Since they are members of the parrot family, the budgie can be taught to talk. It is recommended that this be done after the bird has been finger trained, because then the bird will pay closer attention to the owner. The procedure is very simple, just repeat the word you wish the bird to say again and again, starting with simple words, like “Hi,” or “Hello.” Some parakeets can be taught tricks, with a little patience.
Your pet budgie is an easy bird to breed, the ideal time being the spring or fall. Make sure that you have a pair who are actively courting each other (feeding each other or just staying together in one section of the cage). Purchase a nesting box made specifically for budgies and attach it to the cage. There are usually between 3 to 6 white eggs, that will hatch in 16 to 30 days. Provide a nestling food or mash as a food supplement at this time. The female takes care of the young and there is little that you must do to help. Remove the chicks after they are self supporting, this is usually about 3 to 5 weeks after they hatch.
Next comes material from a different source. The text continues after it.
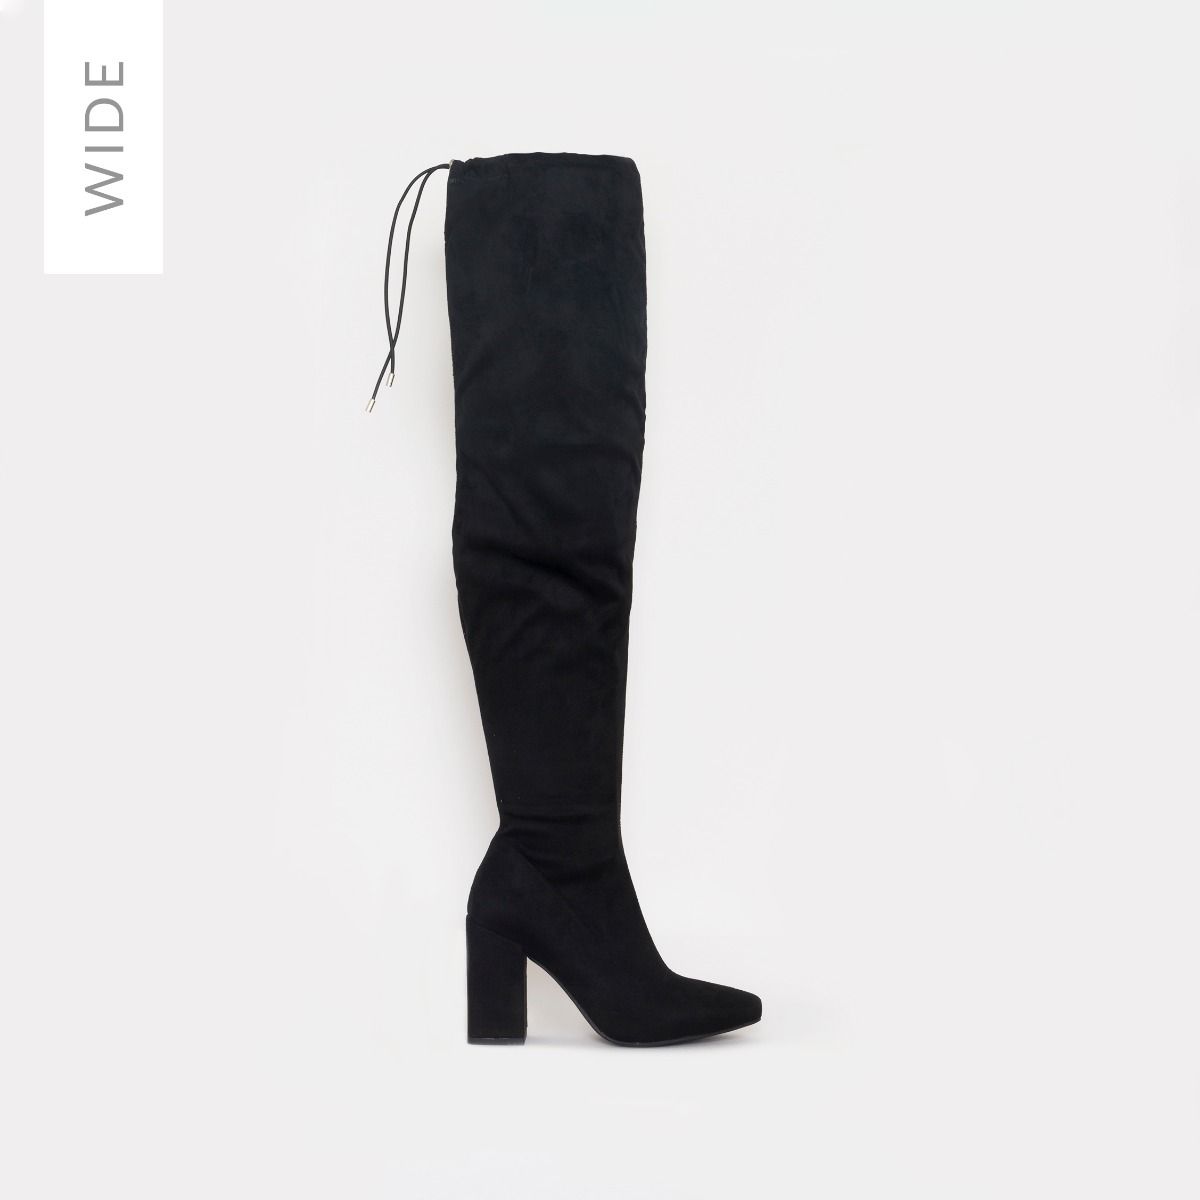 black suede boots wide fit

By paying attention to the normal activity level and the amount of food consumed, you can easily tell if your budgie is feeling well. The most dangerous problem parakeets, and most caged birds, face is drafts. Inactivity, diarrhea or shallow breathing are all signs of potential problems. Many products are available for combating bacterial or intestinal problems.
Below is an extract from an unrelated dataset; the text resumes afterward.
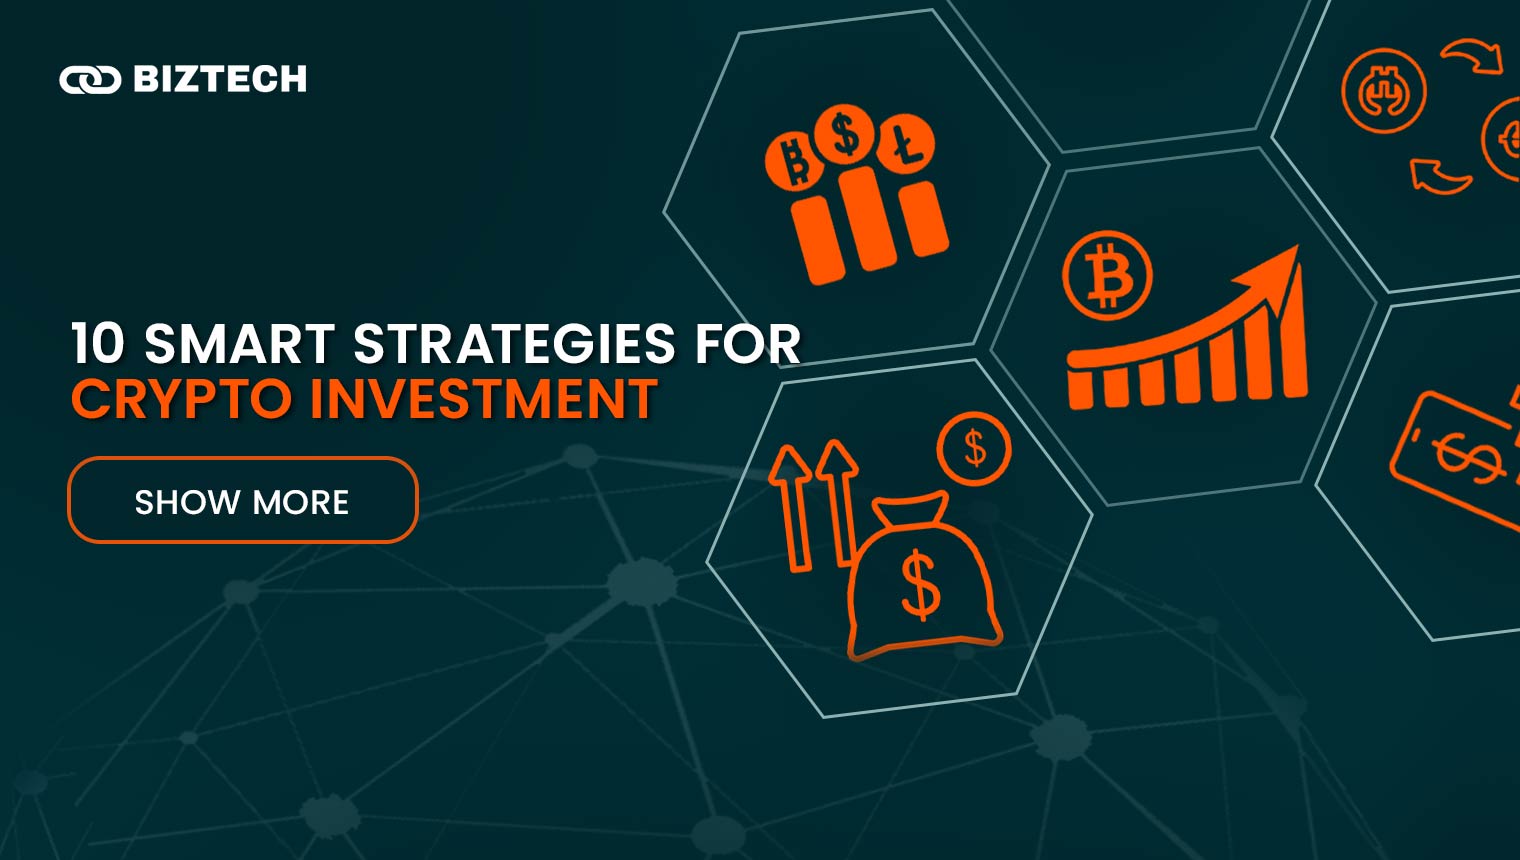 10 Smart Strategies for Crypto Investment

Prevent mites and lice from attacking you bird by using a bird cage guard. Washes and powders are also available for use in keeping these problems to a minimum. Moulting is normal in birds once a year, but extended moults or moults out of season could be a cause for concern.
The best prevention when dealing with caged birds is careful, attentive care. A proper diet, cages located in suitable locations, and companionship will all help you keep a healthy, active pet for many years.
There are many colors of budgies available today in addition to the traditional blue and green. Some of these colors include: Olive Green, Grey Green, White, Yellow, Sky Blue, Cobalt, Cinnamon, Albino, Lutino, Opaline, Violet, Yellow Face, Pied, Light Green, Dark Green and many others.